I think Fonterra never budgeted for this in the business plan, and Monopoly soon became just a word in a wide eyed dream......the stumbling Giant is looking top heavy.

less so, Fran adds to the discussion this morning, who'd thought.

Yup I did say top heavy Henry the three V's ,volume is the stumbling block for Theo n Co. Will wait n see how the books serve to keep Theo occupied a while yet.

Spot on. As much as we might celebrate our no8 wire innovations driven by being a small remote country having to figure out solutions ourselves.....the downside is definitely being such a small economy that monopolies really are everywhere. Many service areas too small to support truly competing businesses in the same space. So they get big cumbersome and lazy. Example, I know a guy who got in early with Telecom marketing when Clear came along. Said it was the best possible thing to happen to Telecom as they simply didn't have a clue about the market they were in, the services they did and could provide, what their customers really wanted. But please read that in context of way back when :)

I think we have been here before.
Sixty years ago , when our overlords, the british, said they want more lamb, we invented the blast freezing process and sent them meat that ate like leather.
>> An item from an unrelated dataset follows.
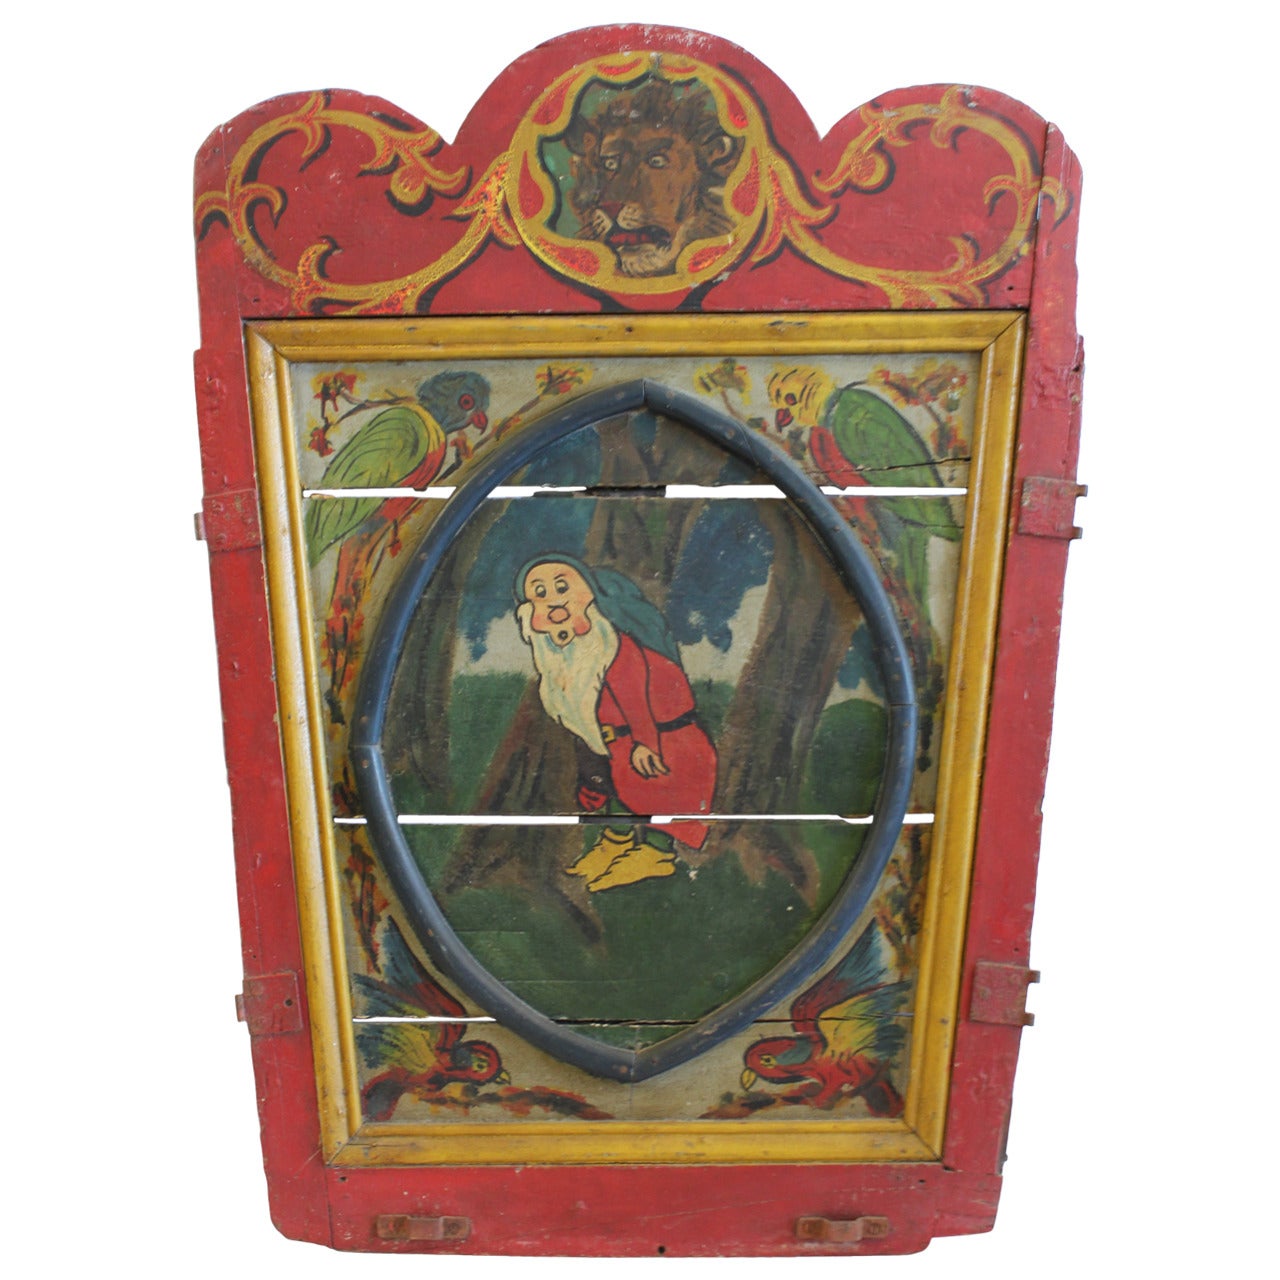 1940s Carnival Ride Door with a Snow White Scene
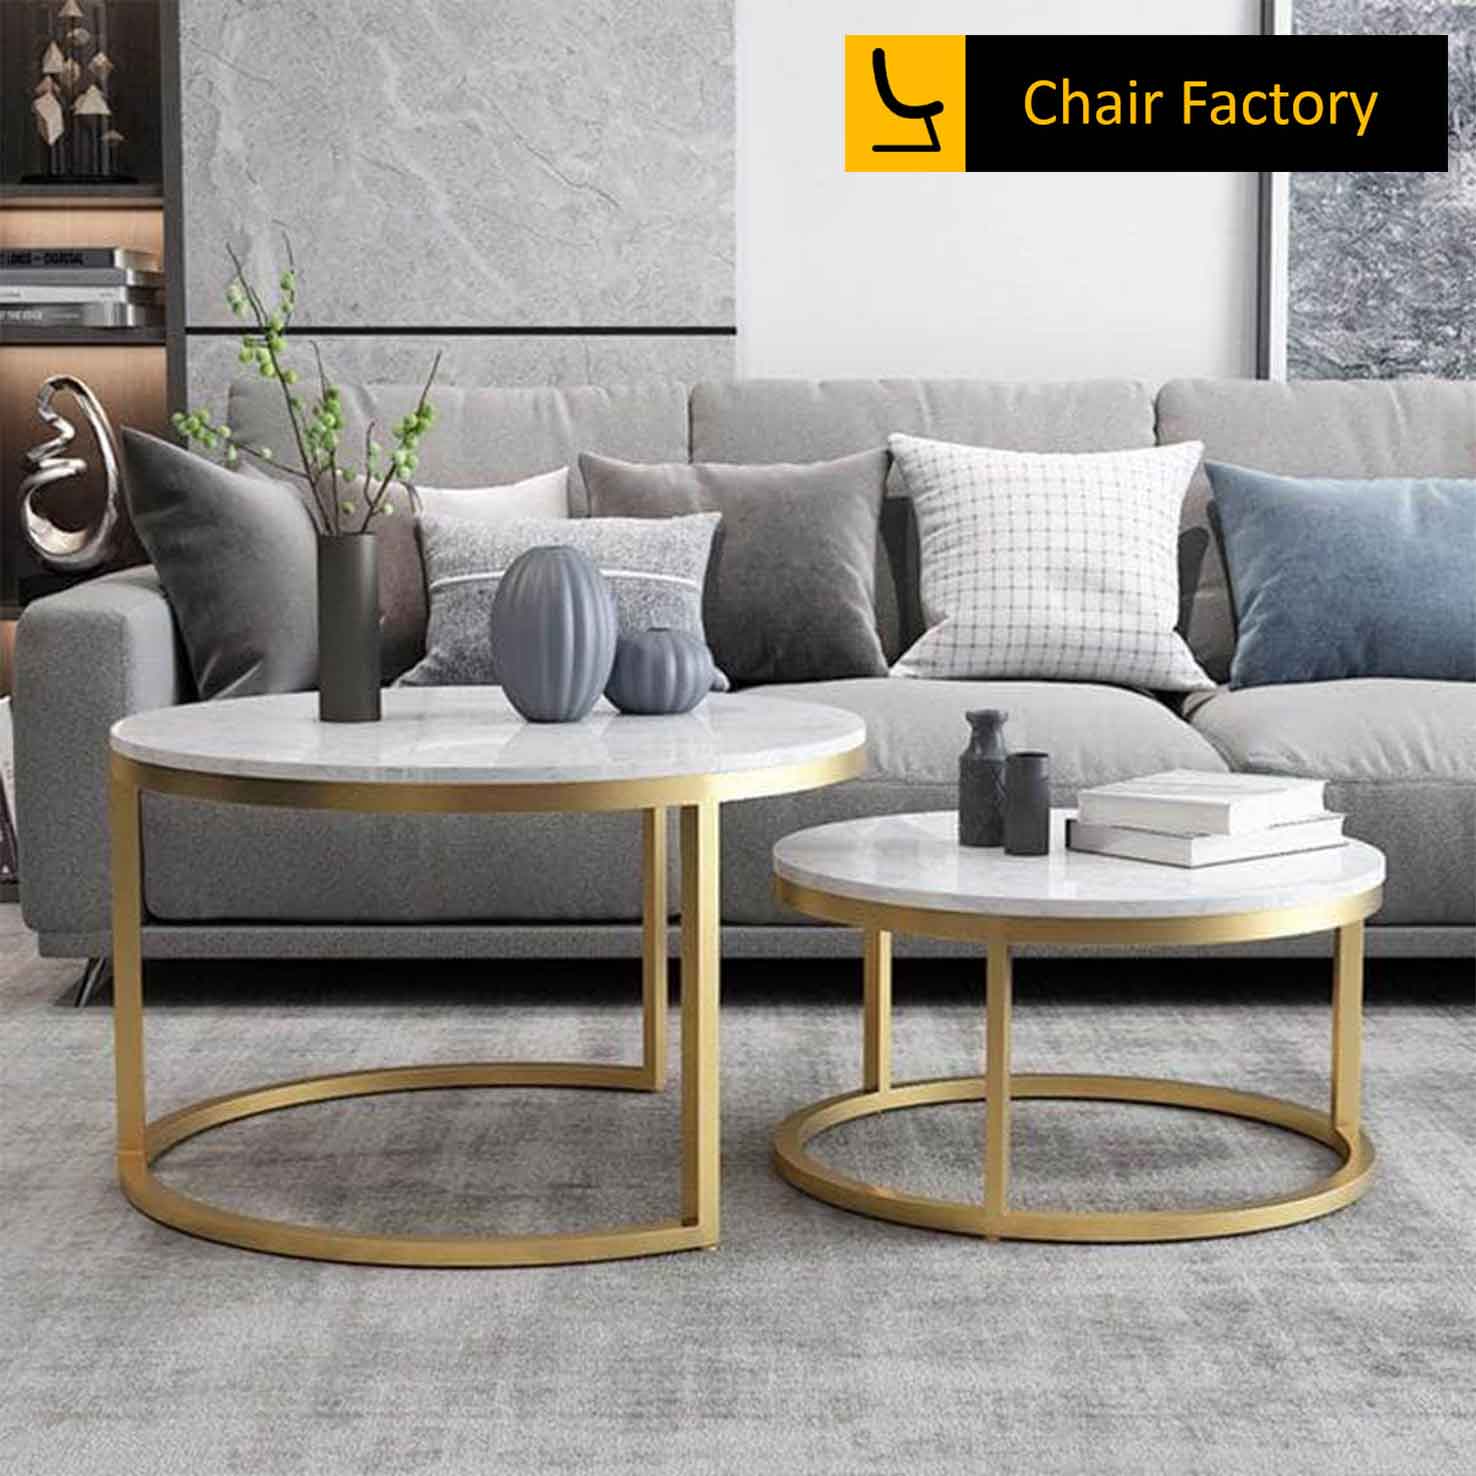 Vitality Centre Table For Home or Office Lobby | Chair Factory

Took 30 years to figure that out.
Our new masters say they quite like our cheese so we build milk dryers and produce vast amounts of milk commodities.
What do we need to learn?

We run deficit's and our powers that be thought we could export our way into surplus and wealth with a bit of central planned encouragement.
China, South Korea, Germany and Japan run surpluses and reap the rewards of growth, jobs and prosperity, while countries in deficit get cheap goods, deflationary pressures,unemployment and stagnation.
Why would China or Japan invest here? Most goods here are either already made in China/Japan or could be made cheaper offshore and seen as an opportunity. All we had was our climate and soils so we went the only route we could see, increased agricultural production.
Unfortunately we also went down the route of increased government spending, high wages for the elite and entitled, high taxation, poor productivity, and very high debt levels. Debt often mal-invested in asset bubbles and high risk commodity speculation.
Which lead us to where we are today, up the creek.

A good comment Andrew,
I suspect as a society we rather like central planning, the state as a provider, possibly expressed by our early adoption of the social welfare system.
But our origins are a small british colony struggling for the first hundred years and its hard to get off the back foot.

While China lifts millions out of poverty 49 million Americans rely on food stamps but will Chinas export model continue to deliver the goods?

arh, whose origins?

and its more climate than soils...

Now we are really depressed.
The colonial experiment is floundering, chronic operating deficits, what next?
A really bad idea in my opinion as the future will be more robotics than human labour, goodbye vehicle drivers in the next 20 years.

Japan is not an example - no growth after 20 years of QE; now an ageing population relying on migration.

Japan is not an example - no growth after 20 years of QE; now an ageing population relying on migration.